Different perspectives are coming thick and fast in the Pennsylvanian political quest for consensus on the contents of HB271, which is currently being populated in the Senate Community, Economic and Recreational Development Committee after being referred by the House to motivate senators to lay down their requirements instead of ignoring the online gambling legalisation issues (see previous reports).
Our readers may recall that late April CERD sent the bill to the Senate floor, only to have it returned with a mandate to “fill ‘er up” before it goes to the floor.
Since then senators apparently unconvinced that online gambling does not pose a risk to the land-based casino gaming business have proposed imposing a punitive 54 percent tax rate on internet slot revenues (the same as that levied on the land operators) and a more bearable 16 percent on online poker activity.
The Senate appears to be equally unconvinced by industry warnings that such high levels of online gambling taxation are uncompetitive, impractical and will discourage the state’s land operators from taking up the exclusive online licenses.
This week another alternative in the seemingly endless stream of proposals and counter-proposals coming out of the Pennsylvanian political establishment is that if any of the 12 online licence offers are rejected by the state’s land operators, these could be available to a wider market.
The chair of the Senate CERD committee, Sen. Mario Scavello, raised the option in an interview with Online Poker Report in which he outlined plans for action early next week.
The idea is to mitigate the risk of the state losing out on tens of millions of dollars should Pennsylvania-licensed land operators decide to resist going online, Scavello explained
Scavello said that he and his colleagues in the Senate expect to fill all 12 licenses proposed, but if they were not taken up in the original exclusive offer “…then we might have to get some other companies who want to purchase a license.”
Existing Pennsylvania licensed land operators would have either three or six months to decide whether to take up online licensing once a finally agreed bill is passed by the legislature and signed into law by the state governor, he revealed.
The Senator also revealed that HB271 has thus far been populated with proposals that include online poker and casino provisions, but that the inclusion of video gaming terminals, which has raised the ire of local land operators, is not.
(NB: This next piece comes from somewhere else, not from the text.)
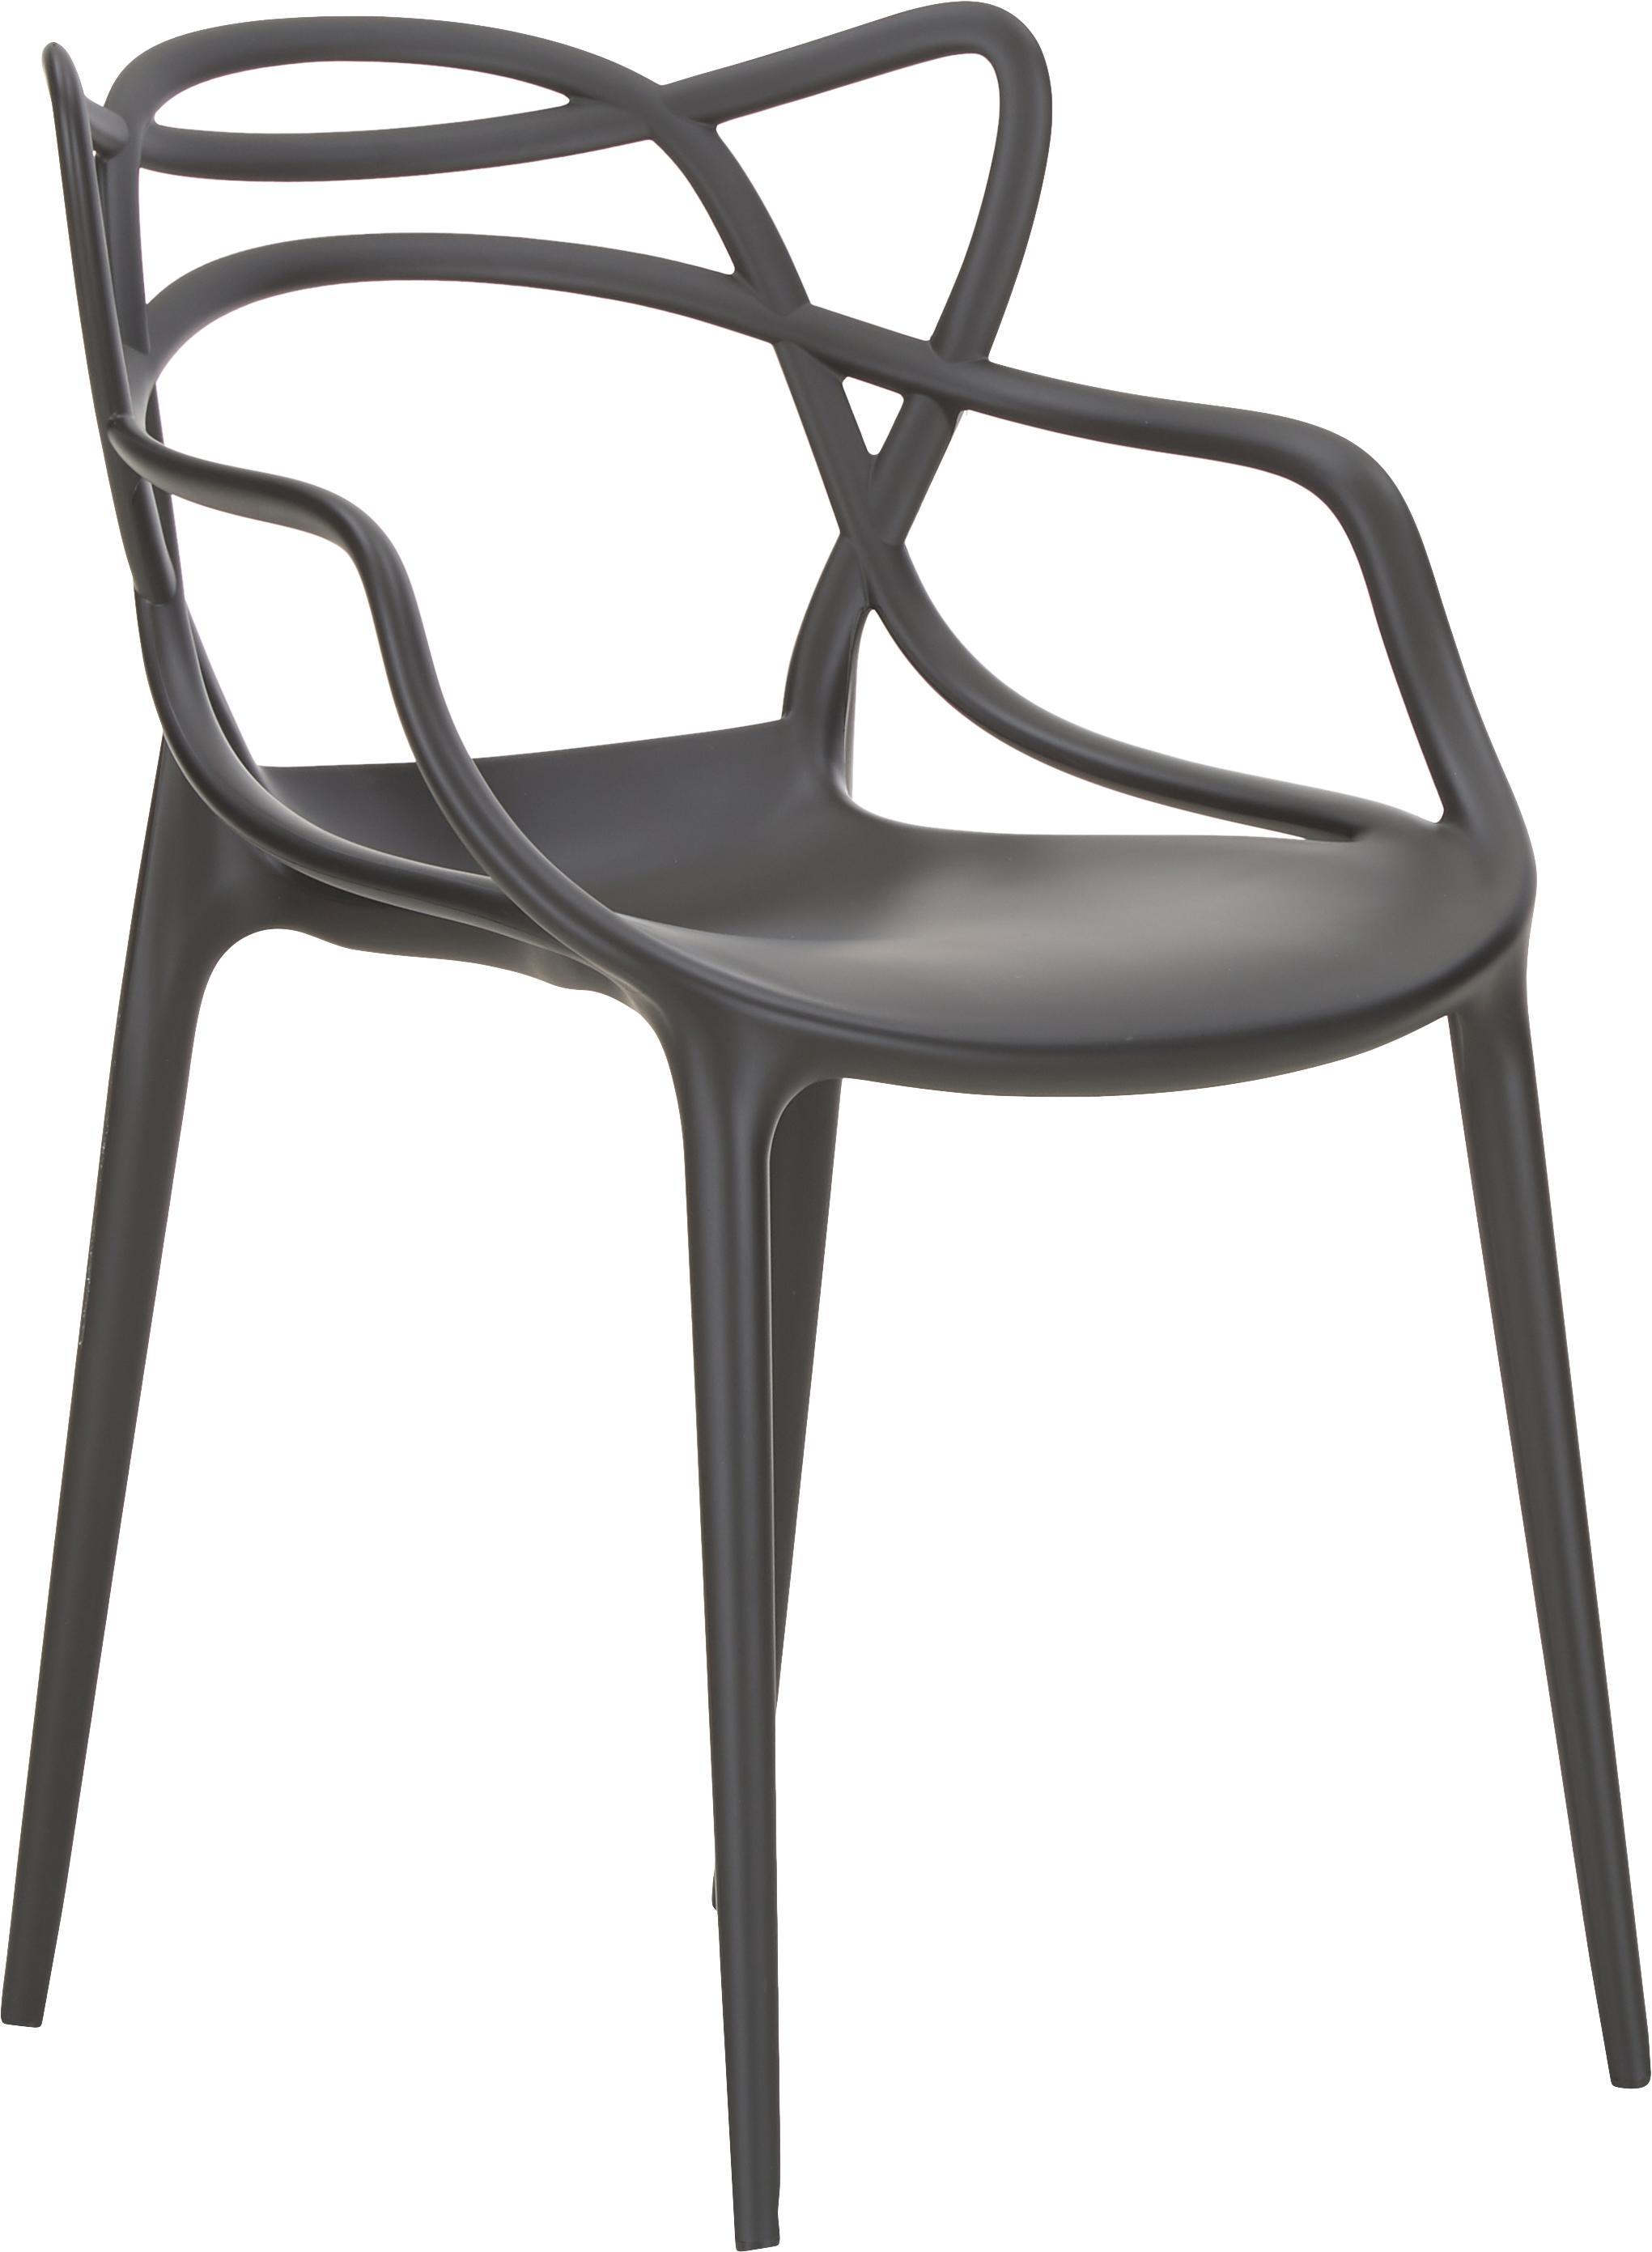 Sedia con braccioli Masters 2 pz, Polipropilene, Nero, Larg. 57 x Alt. 84 cm

The bill will also include a solution to the local share tax on casino revenue in compliance with judicial rulings (see previous reports).
Scavello and other senators have in the recent past pointed out that Pennsylvania’s 54 percent tax rate on land slots revenue and lower rates for table games, although the highest in the United States,
have contributed handsomely to the state, and the (land) industry has thrived.
And they fear that a lower tax rate for online will prejudice rather than complement state revenues despite the wealth of empirical evidence to the contrary.